Hacker News new | ask | show | jobs
by afarrell 2103 days ago
People can't improve if they lack self-knowledge and others are wiling to bullshit them.

"I've got skill gaps as a programmer, especially at broad-level architectural design" is a belief that a mentally healthy person can have.

"If I express concern about my skill level, people will just say that I'm delusional" is a belief that will mess somebody up, especially if it is repeatedly re-enforced by reality.

1 comments

You're not replying to the comment I wrote and to the comment I was replying to.

There is no equivalence between "bullshitting people" and encouraging them to think of themselves as early on in their careers. There is no equivalence between encouraging someone to improve and ignoring someone's self-concerns about their skill level. There is no equivalence between someone currently lacking programming skill and someone being too short for the NBA.
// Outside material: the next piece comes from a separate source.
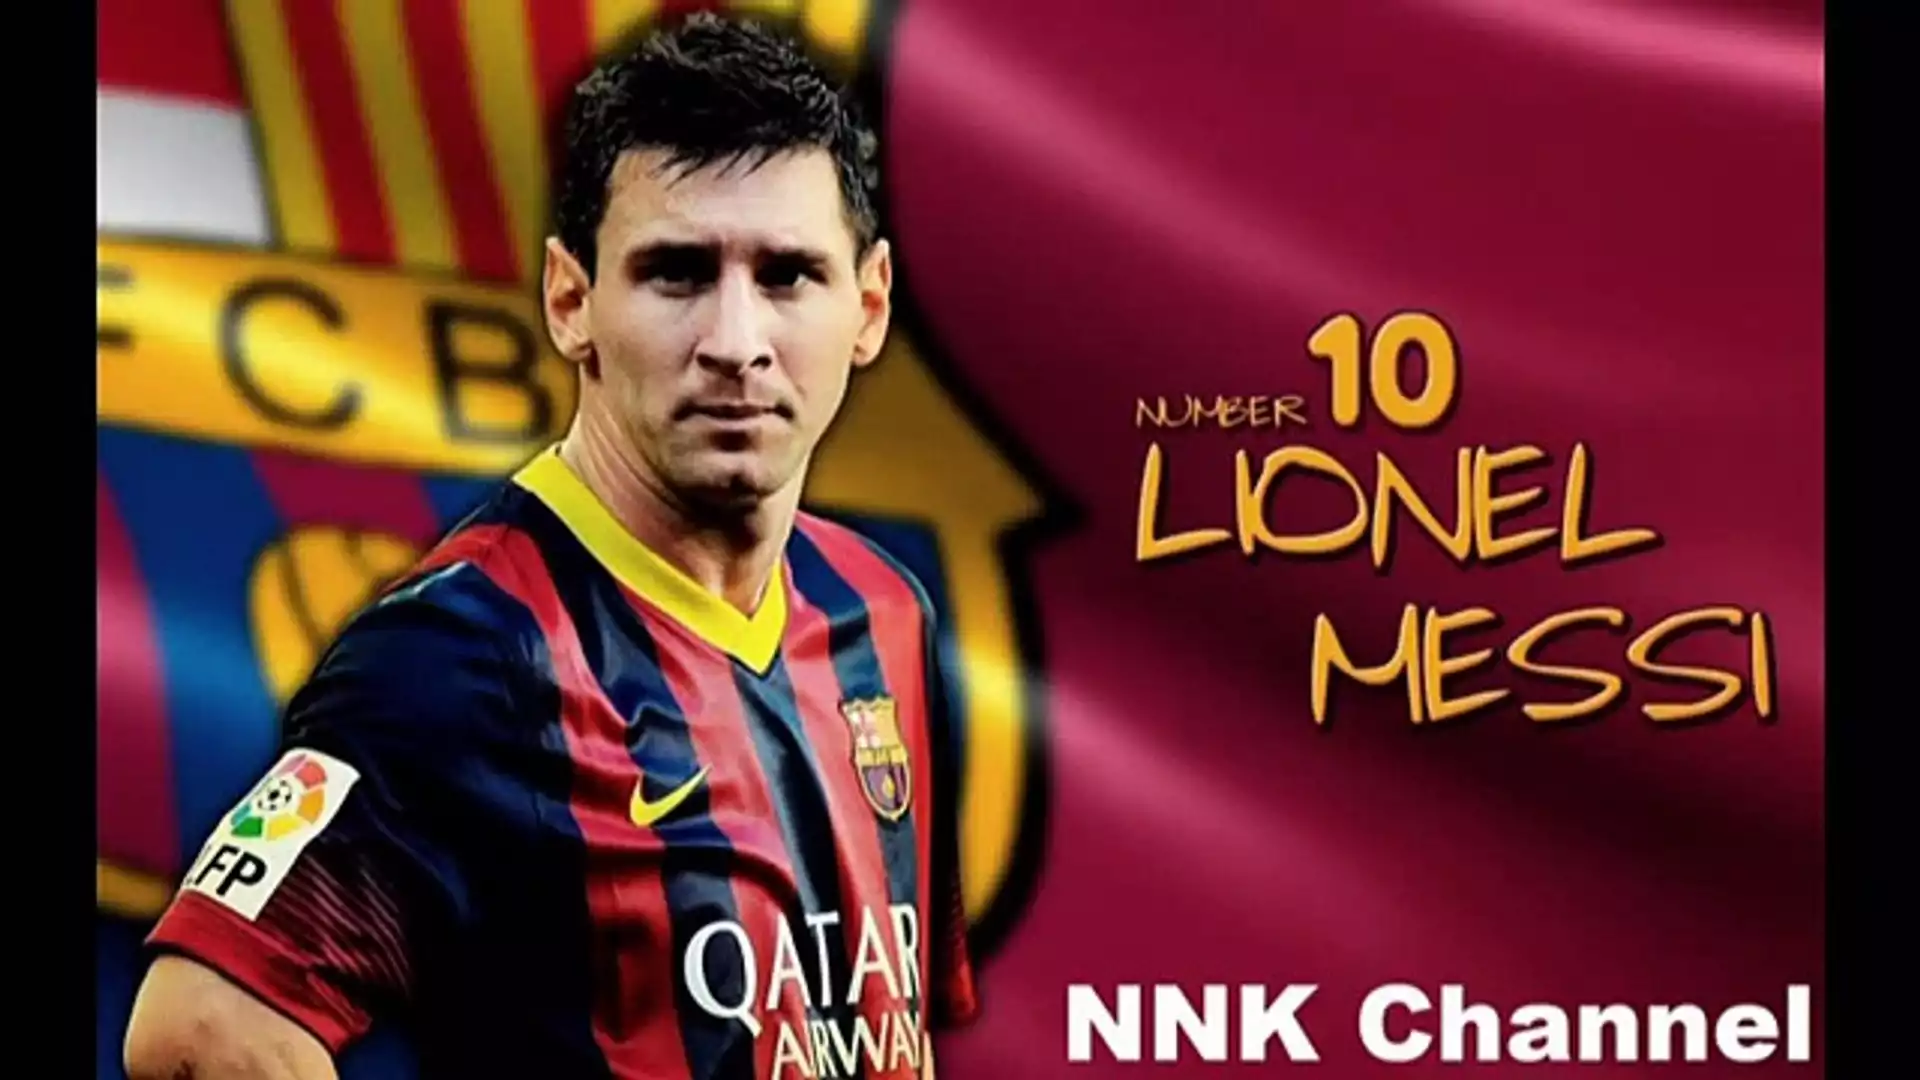 Lionel Messi: His Massive Imprint on The Champions League

In case I wasn't clear about it before, you shouldn't bullshit people who clearly aren't putting the work in or are having trouble getting to where they want to go. You should encourage them to think in a healthy way about their current progress and encourage them to find ways to get better and allocate the resources needed for their growth.

> There is no equivalence between someone currently lacking programming skill and someone being too short for the NBA.

Agreed.

> You should encourage them to think in a healthy way about their current progress and encourage them to find ways to get better and allocate the resources needed for their growth.

Agreed.

> There is no equivalence between encouraging someone to improve and ignoring someone's self-concerns about their skill level.

It depends crucially on the words you use to encourage them to improve. I've often found 'impostor syndrome' to be stymie clarity. I might be guilty of replying to a comment that isn't quite your words though. apologies for that.